Я взял письмо и засунул его в наволочку, так и оставшуюся со мной с того утра, когда все мы — Бернер, мама и я — собирались покинуть дом. Я думал, что перечитаю его попозже — как те замечания и наблюдения, которые Ремлингер посоветовал мне заносить в маленькую разлинованную синим книжечку, чтобы затем понять, что представляла собой уже прожитая мной часть жизни. Ничего я в эту книжечку не занес, а покидая Форт-Ройал, бросил ее там.
20
Чарли Квотерс сказал, что история Артура Ремлингера окажется самой удивительной, какую я когда-либо слышал, однако услышать ее я должен, потому что мальчикам моего возраста необходима голая правда (в отличие от того, чему отдает предпочтение большинство людей) — она поможет мне установить для себя строгие пределы. И эти достойные пределы позволят мне удержать за собой место, которое я занимаю в мире. Он и сам знал когда-то голую правду, сказал Чарли, но не сумел правильно установить пределы. Ну и посмотрите на него теперь: живет бобылем в Партро, в жалком трейлере, а все потому, что пределы себе не задал. Чарли всегда говорил именно так — ссылался на какие-то мрачные события своей жизни, не вдаваясь в подробности, но просто намекая, что они были постыдными и отвратительными, и человек, который желает сохранить свою чистоту, а я этого желал, должен стараться в такие истории не попадать. Репутацию Чарли имел сомнительную. Озлобленный и, вероятно, извращенный, мне он, как я уже говорил, не нравился, но отказать ему в уме было нельзя. Однажды Чарли похвастался, что пытался поступить в колледж, да его не приняли — из-за того, что он метис, да еще и слишком умный. Мне оставалось только гадать, не был ли он, по крайней мере когда-то, мальчиком вроде меня и не сохранился ли этот мальчик в каких-то тайниках его души, не проявил ли себя в том же стремлении Чарли рассказать мне голую правду и научить устанавливать названные пределы.

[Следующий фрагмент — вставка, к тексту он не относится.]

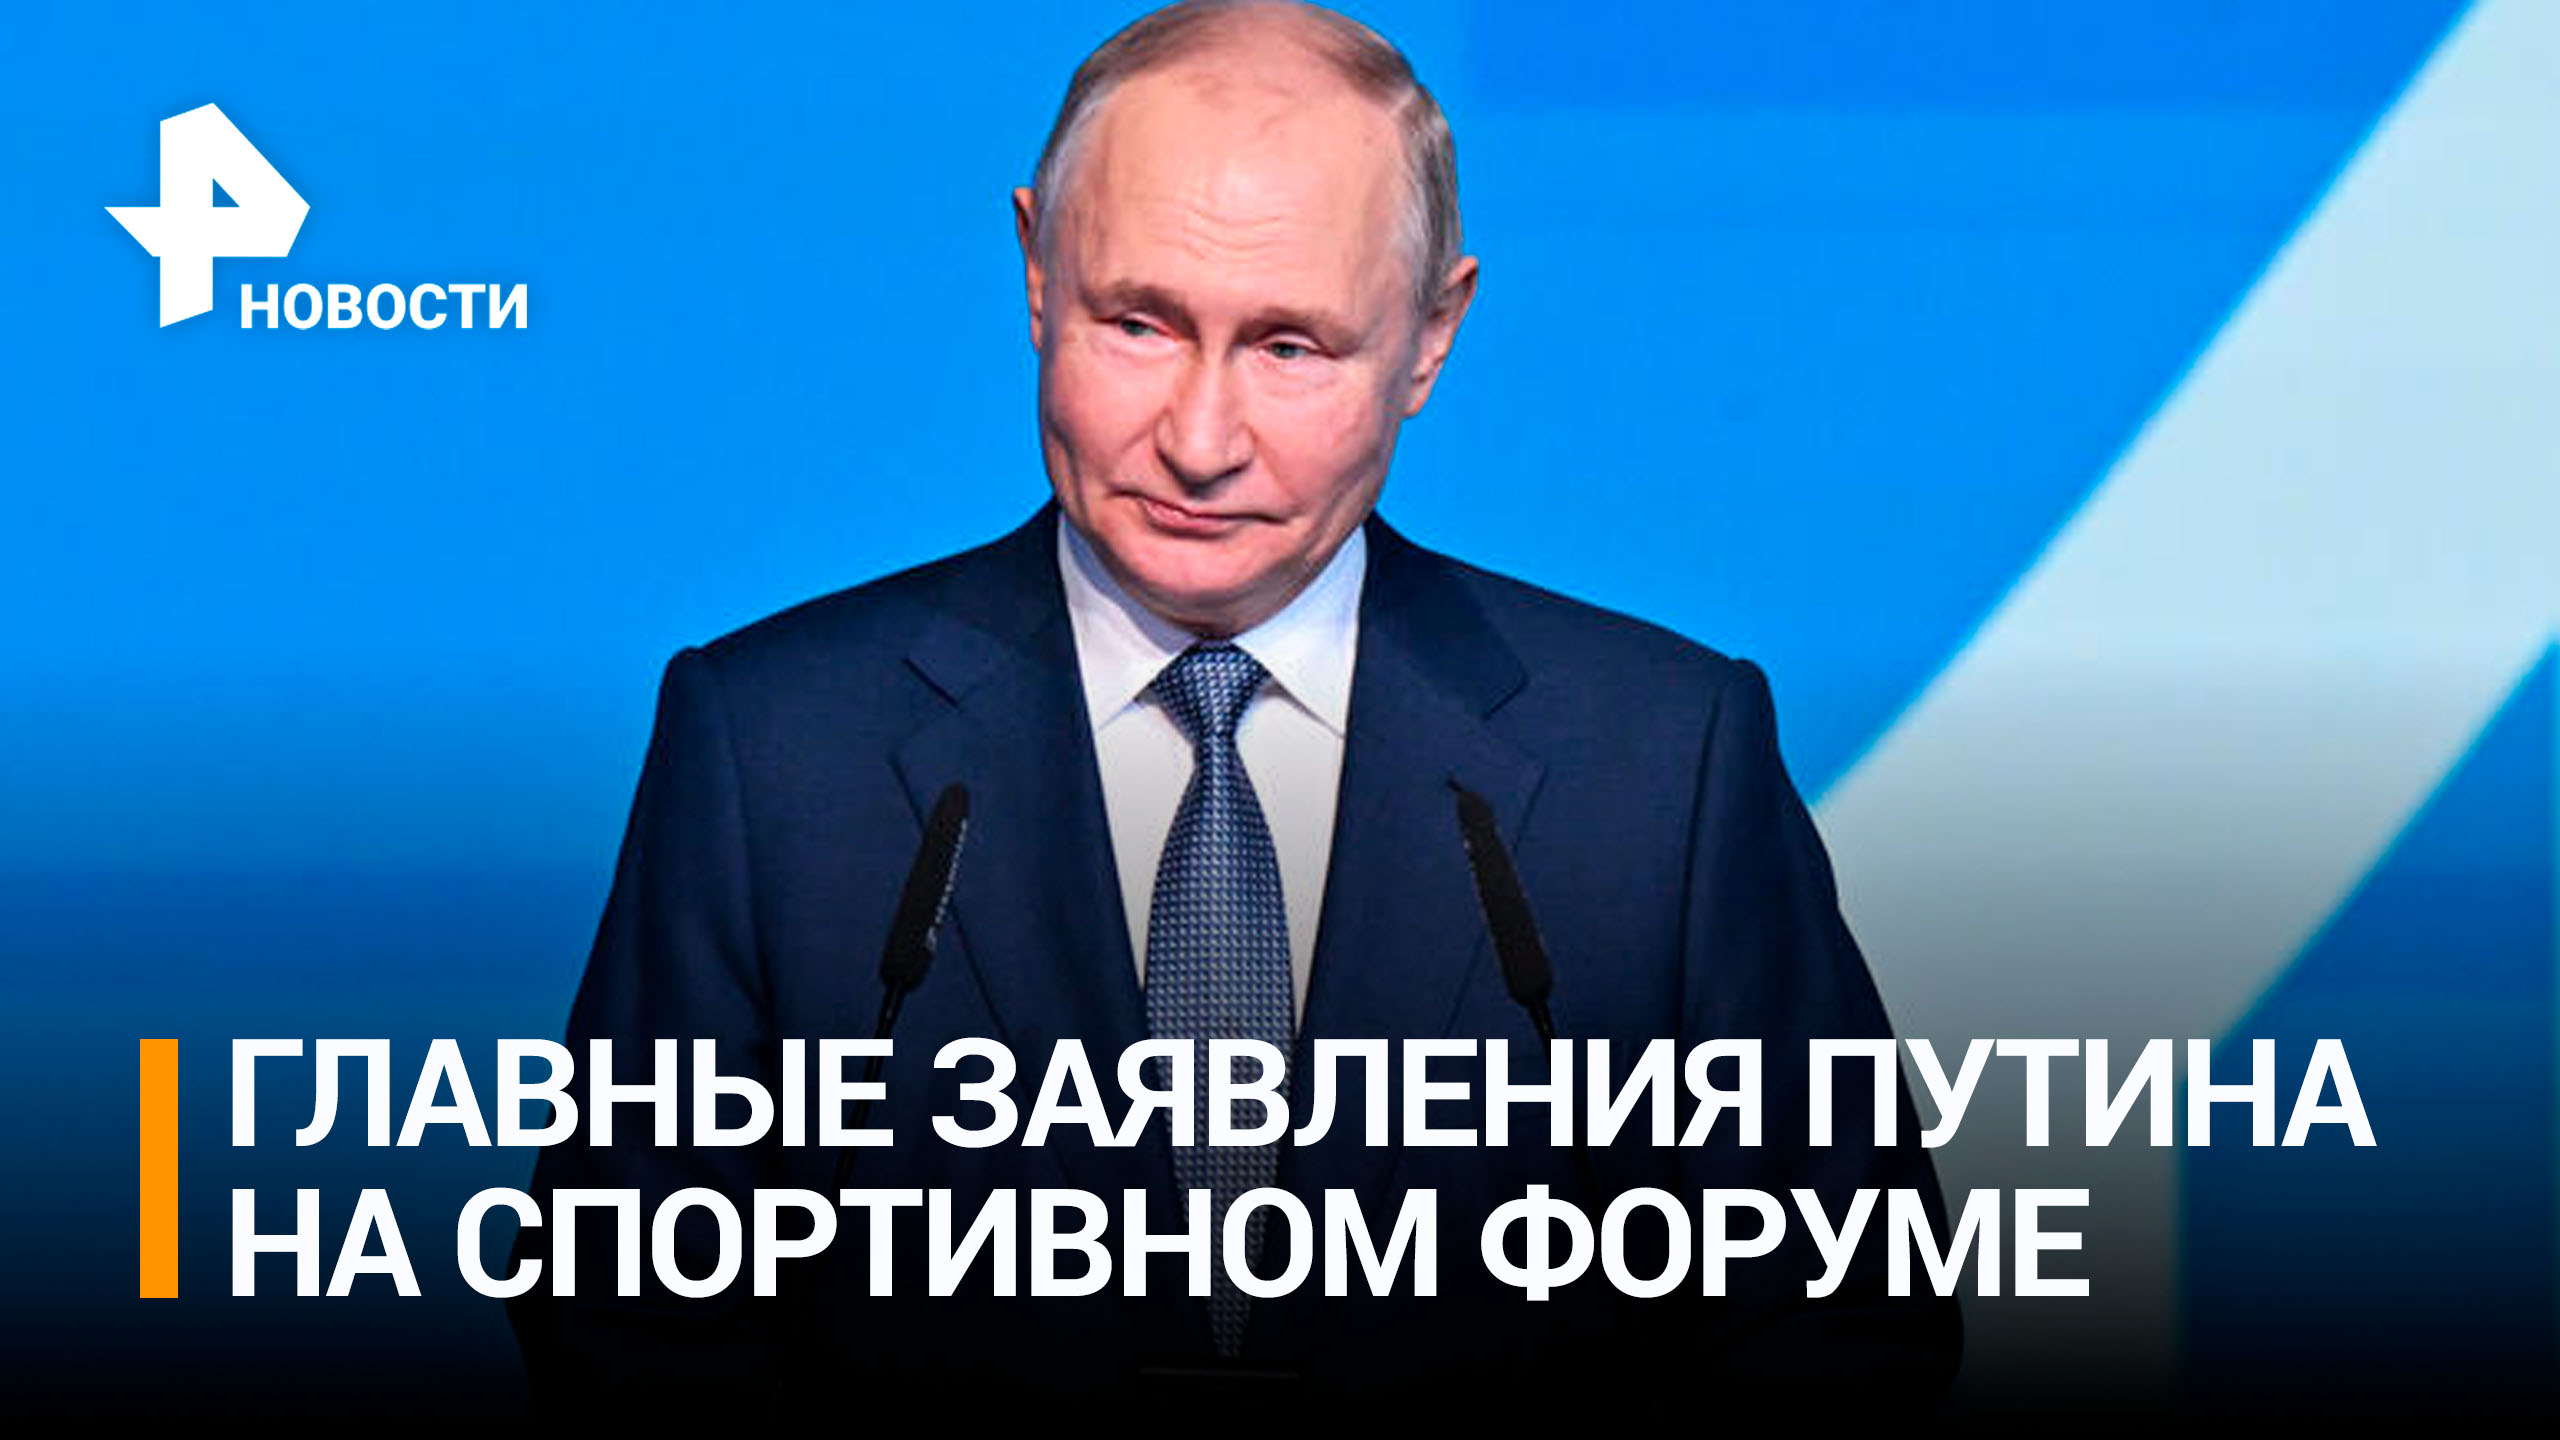 Путин приехал на спортивный форум в Перми / РЕН Новости

Мы с ним занимались тогда разделкой подстреленных утром гусей, лежавших большой перистой грудой на земле, сразу за распахнутой дверью ангара, у железнодорожной шпалы, которая служила нам разделочной колодой. Некоторые птицы еще подергивали лапками, некоторые открывали и закрывали окровавленные клювы, а мы отсекали топориками их головы и иные части, вспарывали ножами животы, потрошили и пропускали, чтобы избавить тушки от перьев, через самодельную щипальную машину Чарли. В тот день я в первый и единственный раз побывал в его трейлере.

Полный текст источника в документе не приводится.